For the moment, while the racial grievances of 2014 have
chilled on the polar vortex, and no unarmed black teens have been shot by
cops for a couple of weeks, it might be a good time to continue that honest
discussion about race that the media nabobs — such as Charles Blow and
Nicholas Kristof of The New York Times and Don Lemon of CNN — demand
when some incendiary event goes down and tensions across the country become
unbearable. That demand, of course, is a political booby-trap because any
discussion not founded on the presumption of white malice is instantly deemed
inadmissible and “racist” — which is just cheap demagogic despotism designed
to shut down the very discussion they asked for. So that is exactly what I expect
in response to this essay.
I bring these matters up because it seems to me that the
long, arduous, costly battle for “civil rights” which began in my childhood a
half century ago is beginning to look like a lost cause. The movies and TV
are full of black / white buddy stories, and commercial images of a shared
American experience as if there really was a common culture that blacks and
whites felt an equal investment in. These stories and images are largely
wishful, though I believe the dream of a common culture that would nurture
all types of people in America stood at the heart of civil rights idealism of
the sort represented by Martin Luther King and the white public figures who
marched in solidarity with him.
Something went terribly wrong in the early going, and I
don’t think there has ever been an honest discussion about it by American
social thought leaders of any race, though I have raised the point more than
once in passing. It was the paradoxical rise of black separatist politics at
the exact historical moment of civil rights triumph when the two landmark
civil rights bills were passed: the Public Accommodations Act of 1964 and the
Voting Rights Act of 1965.
Black separatism had been around since the late 19th
century as a counterpoint to the earlier post-slavery idea represented by
Booker T. Washington, which proposed that black earnestness would eventually
be recognized by white America and rewarded, at least with economic
participation. That idea was opposed by less patient, younger figures such as
W.E.B Du Bois and Marcus Garvey who promoted what was then called
“Pan-Africanism.” But the debate was superseded by the crises of the Great
Depression and Second World War.

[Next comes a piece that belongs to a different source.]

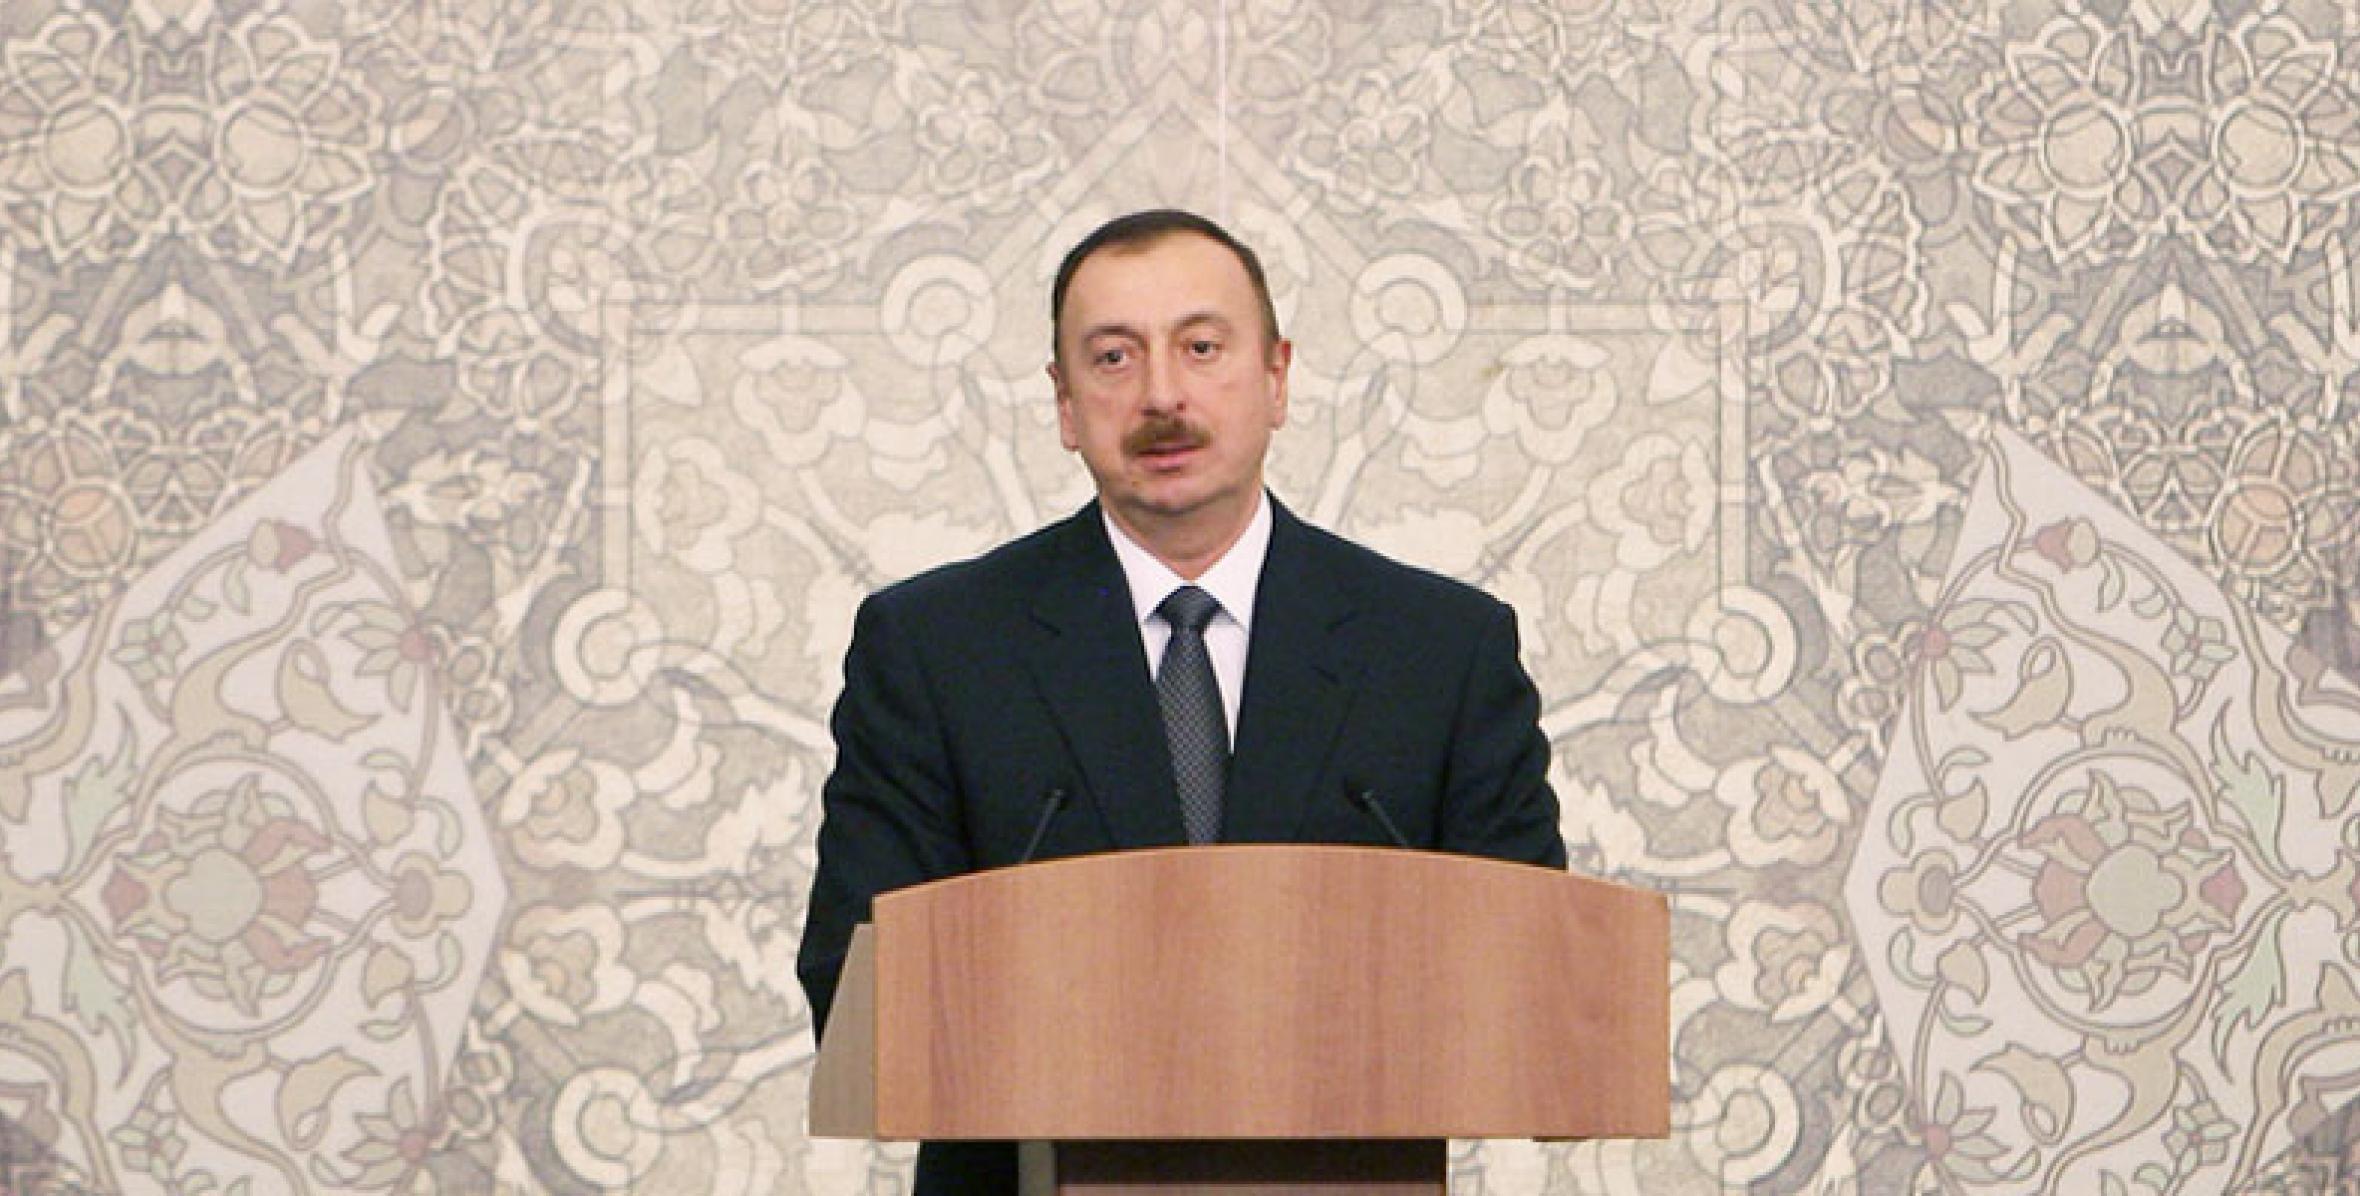 Speech by Ilham Aliyev at the presentation of the "Friend of the Journalists" Award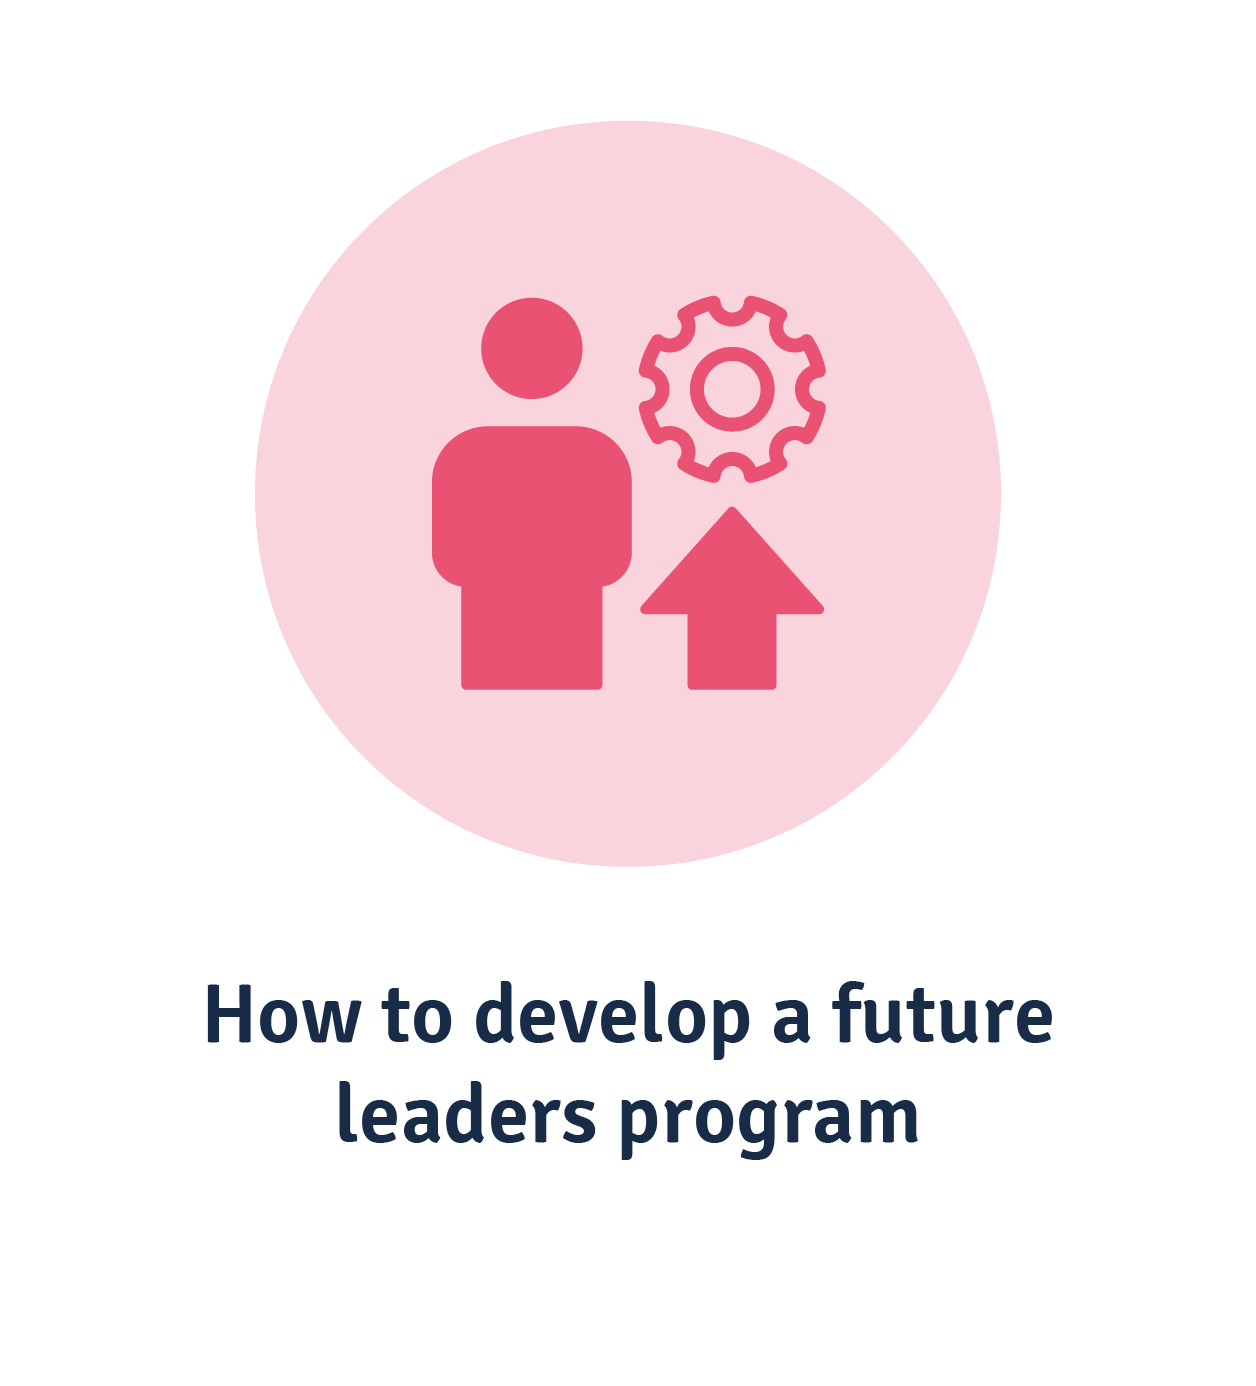 How to develop a future leaders program

By the early 1960s, black separatism had
revived, personified first by Malcolm X (assassinated by rival Black Muslims,
1965), and the disillusioned former Freedom Rider Stokely Carmichael, who
coined the slogan “black power,” and then by scores of public players and
followers.
What I think happened is that the sudden prospect of true
legal equality produced deep anxiety across black America, so that opting out
provided a comfortable alternative. I saw it play out at my college in 1970
when the “militant” black students organization demanded a separate black
student union. In the face of the civil rights acts passed only a few years
earlier, this should have been regarded as a sort of outrage, but
pusillanimous college administrators caved in and bought a house for that
purpose. And of course the same thing happened all over the country, so that
a new form of separate-but-equal was reestablished by popular
demand.
That blunder by academic leaders set a tragic tone for
the forty years that followed. To rationalize the new separate-but-equal
ethos, these people of liberal good intentions constructed an elaborate
ideology of “multiculturalism” and “diversity” that had the tragic unintended
consequence of obliterating the foundational idea of a common culture that
had animated the struggle Dr. King gave his life to, as well the basic notion
of what it meant to be an American.
A common culture did exist in America before the 1960s,
at least in terms of manners, standards of decent behavior, and even
language. It was what allowed people of good will in the 20th
century to believe in “one nation indivisible.” Hence, the question America
needs to ask itself: do we have enough moral focus to revive the idea that a
common culture actually matters? If not, expect unending strife.